Does A31 Produce Much Cash Relative To Its Debt?

A31 has built up its total debt levels in the last twelve months, from US$2.2m to US$2.7m , which includes long-term debt. With this growth in debt, A31 currently has US$122k remaining in cash and short-term investments to keep the business going. Its negative operating cash flow means calculating cash-to-debt wouldn't be useful. As the purpose of this article is a high-level overview, I won’t be looking at this today, but you can assess some of A31’s operating efficiency ratios such as ROA here.

Does A31’s liquid assets cover its short-term commitments?

Looking at A31’s US$6.3m in current liabilities, it appears that the company may not be able to easily meet these obligations given the level of current assets of US$5.2m, with a current ratio of 0.83x. The current ratio is calculated by dividing current assets by current liabilities.

SGX:A31 Historical Debt, April 2nd 2019
SGX:A31 Historical Debt, April 2nd 2019

Is A31’s debt level acceptable?

With debt at 39% of equity, A31 may be thought of as appropriately levered. A31 is not taking on too much debt commitment, which can be restrictive and risky for equity-holders. Investors' risk associated with debt is very low with A31, and the company has plenty of headroom and ability to raise debt should it need to in the future.

Next Steps:

A31’s high cash coverage and appropriate debt levels indicate its ability to utilise its borrowings efficiently in order to generate ample cash flow. However, its lack of liquidity raises questions over current asset management practices for the small-cap. Keep in mind I haven't considered other factors such as how A31 has been performing in the past. I suggest you continue to research Addvalue Technologies to get a better picture of the stock by looking at:

  1. Historical Performance: What has A31's returns been like over the past? Go into more detail in the past track record analysis and take a look at the free visual representations of our analysis for more clarity.

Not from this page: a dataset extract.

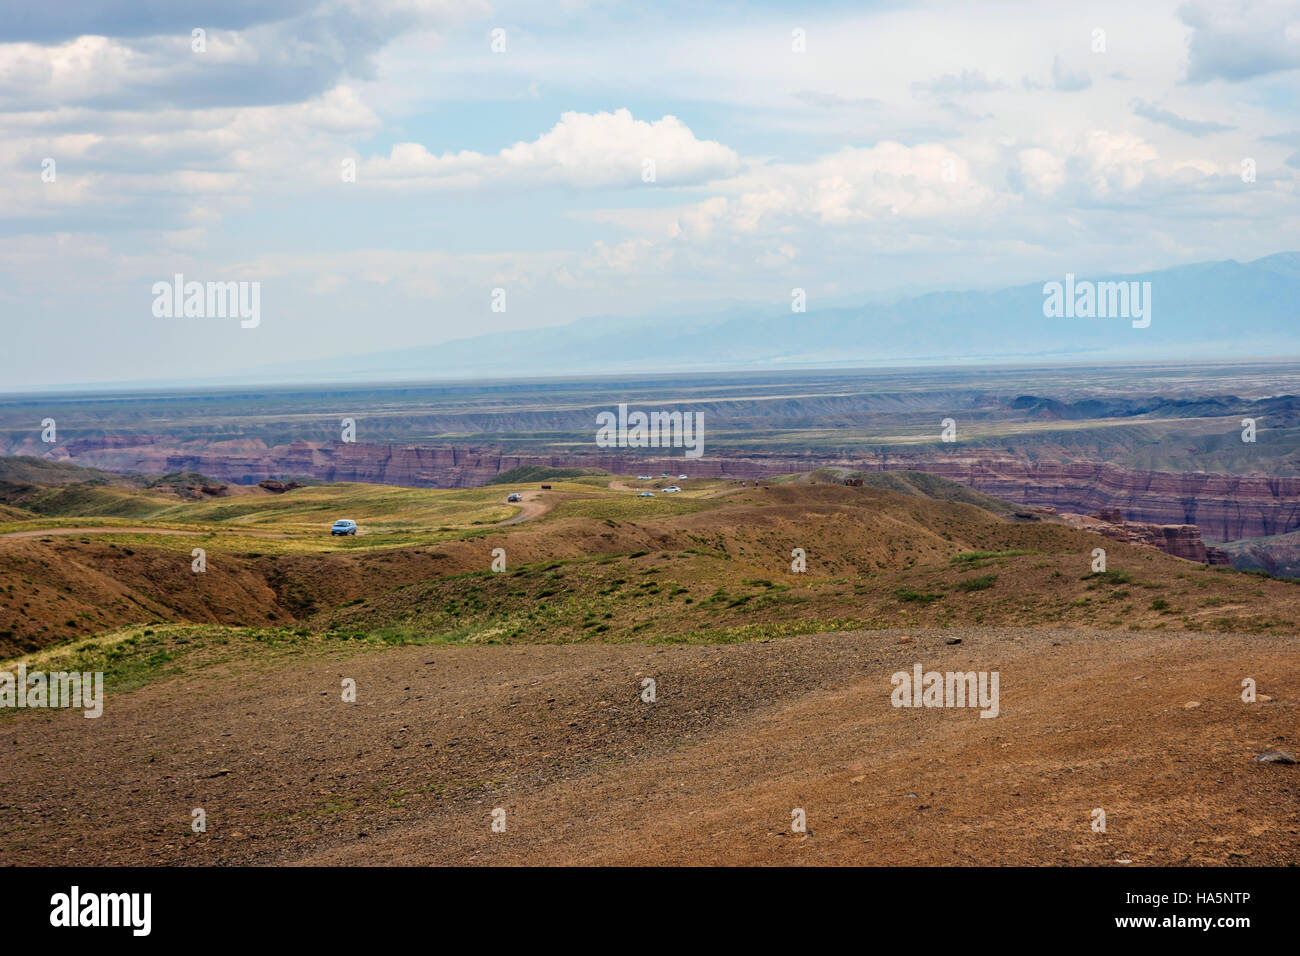 Vista su Sharyn o Charyn Canyon, Kazakistan, secondo canyon più grande del mondo Foto Stock

  2. Other High-Performing Stocks: Are there other stocks that provide better prospects with proven track records? Explore our free list of these great stocks here.

We aim to bring you long-term focused research analysis driven by fundamental data. Note that our analysis may not factor in the latest price-sensitive company announcements or qualitative material.

If you spot an error that warrants correction, please contact the editor at editorial-team@simplywallst.com. This article by Simply Wall St is general in nature. It does not constitute a recommendation to buy or sell any stock, and does not take account of your objectives, or your financial situation. Simply Wall St has no position in the stocks mentioned. Thank you for reading.